Matchgrab: League of Legends match importer
Matchgrab retrieves League of Legends match data from Riot's API and stores it locally. It starts with a seed user, starts downloading match data for that user, and then performs the same process for other summoners who played in the downloaded matches. It continues this process until you stop it.
You must have an API key issued by Riot in order to use this tool, and you will only be able to download data at the rates that Riot allows. The default values in the configuration file should be safe for development keys.
Collecting data
Check out the configuration file to make sure you're happy with all defaults; one thing you'll definitely need to change is to provide your Riot-issued API key in the riot_api_key
field. You'll likely also want to specify where match data should be saved using the match_store_location
field as well.
Once you're happy with the configuration, you can run the tool by executing the grab
command. Note that this is a command-line tool and should be run from your system's terminal or command line.
Config options
Matchgrab is designed to be simple when it can be, but there are a few configuration options that are important to be aware of.
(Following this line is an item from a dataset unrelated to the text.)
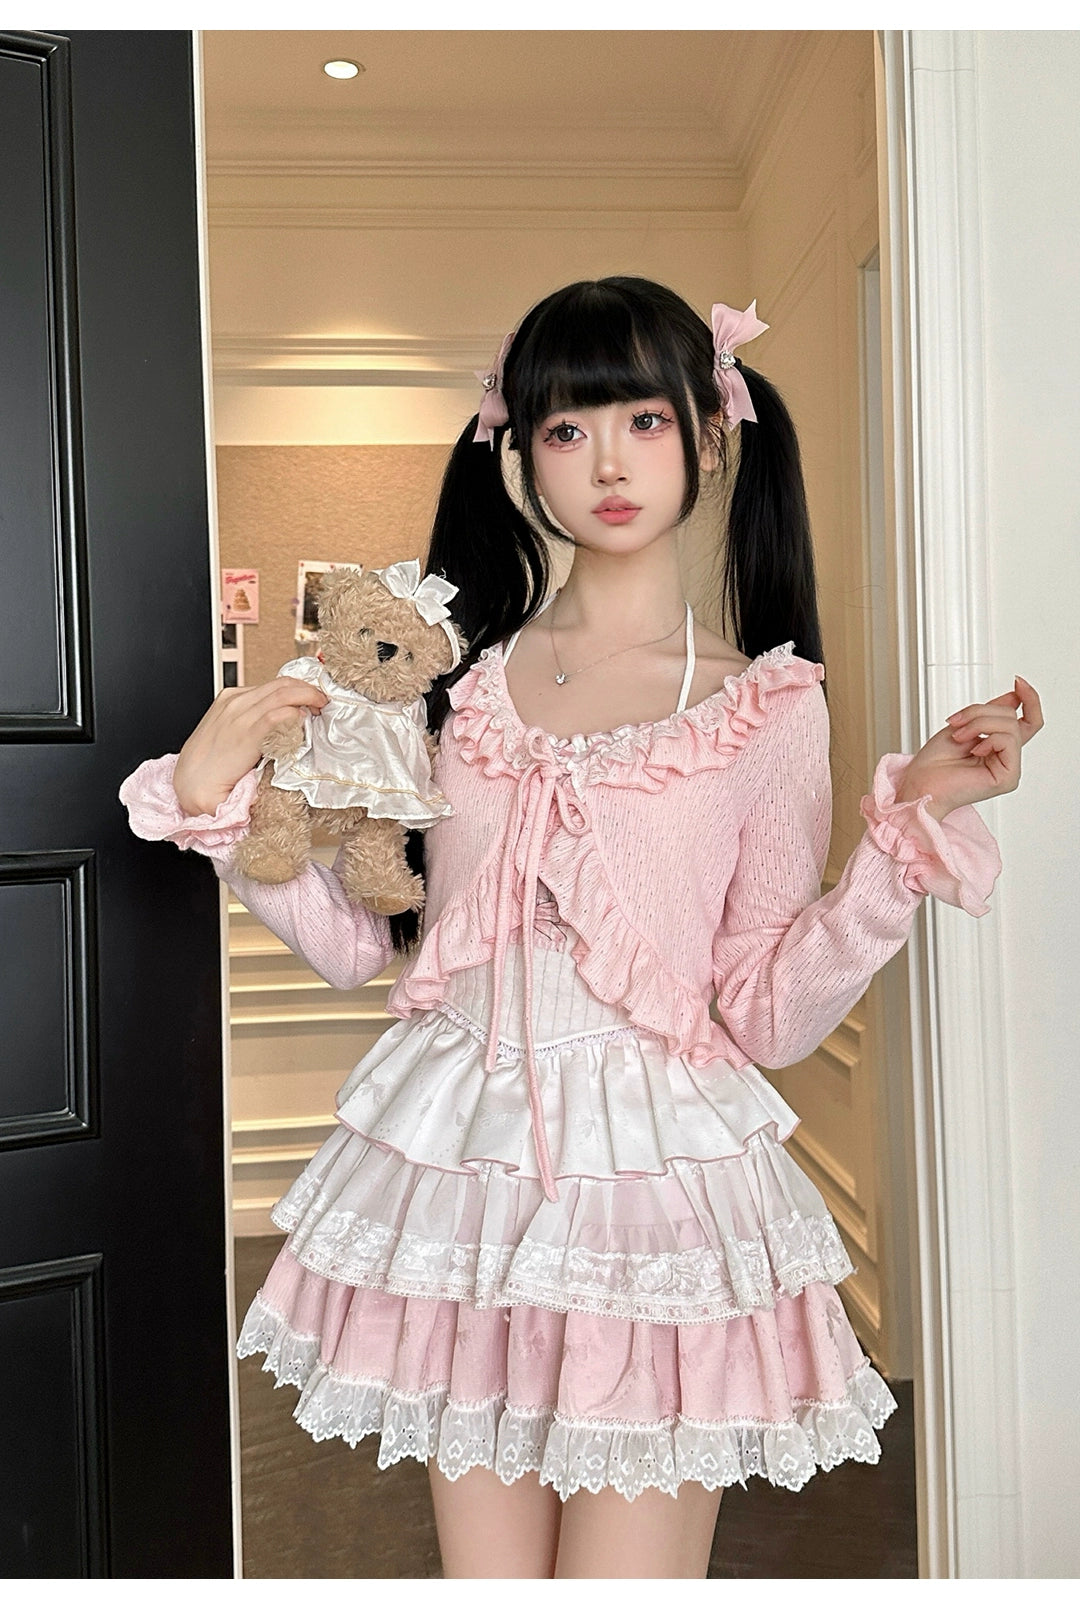 Ryousangata Skirt Set Pink Cardigan White Straps Top 37008:548386

http_timeout : how long all network requests receive before timing out (seconds)
match_store_location : where downloaded match data should be stored (relative or absolute)
seed_account : initial account ID to start from if no existing data is available
max_sim_requests : the maximum number of simultaneous requests allowed
requests_per_min : the maximum number of requests per minute (note Riot's rate limits)
max_time_ago : ignore matches beyond this age (default ~2 months)
riot_api_key : copy and paste your API key from Riot here; used for all requests that require one
Accessing data
Matchgrab records data to a LevelDB database that contains the data described in Match.proto. In order to read the data, you'll need to find some libraries in your language of choice that allow you to read LevelDB databases and then decode the data stored there (encoded using Google's protocol buffers). A few recommendations include:
You can see a few examples of data accesses in Python by checking out preview.py
.
Checking data
This repo includes a very simple Python server that provides limited access to data as well as an example of how to access the database using Python's LevelDB + protobuf libraries. Available endpoints include:
GET /accounts list all summoner names with associated account id's
GET /account/([0-9]+) get available matches for the specified account id
GET /match/([0-9]+) get information about an individual match
All endpoints return JSON.
Rate limits
You are solely responsible for ensuring that you don't violate Riot's rate limits. Matchgrab will respect Riot's headers if their responses indicate that you have exceeded your rate limit, but it's still possible to get banned if you aren't careful. Again, do not leave this or any other program running with your API key until you can ensure that it's fetching data at an acceptable pace.
Statistical sampling
Note that the retrieval process described above will naturally be biased because it will download matches in 'neighborhoods' of players and will likely never provide a randomized sample of the League population, even distributions per tier, Challenger-only games, etc; you should plan on taking care of selecting relevant matches for your use case yourself once you've got the raw data.
License and contributions
This code is available under the MIT license. See the attached LICENSE.txt for more information.
Contributions are welcome. Please file issues or create PR's.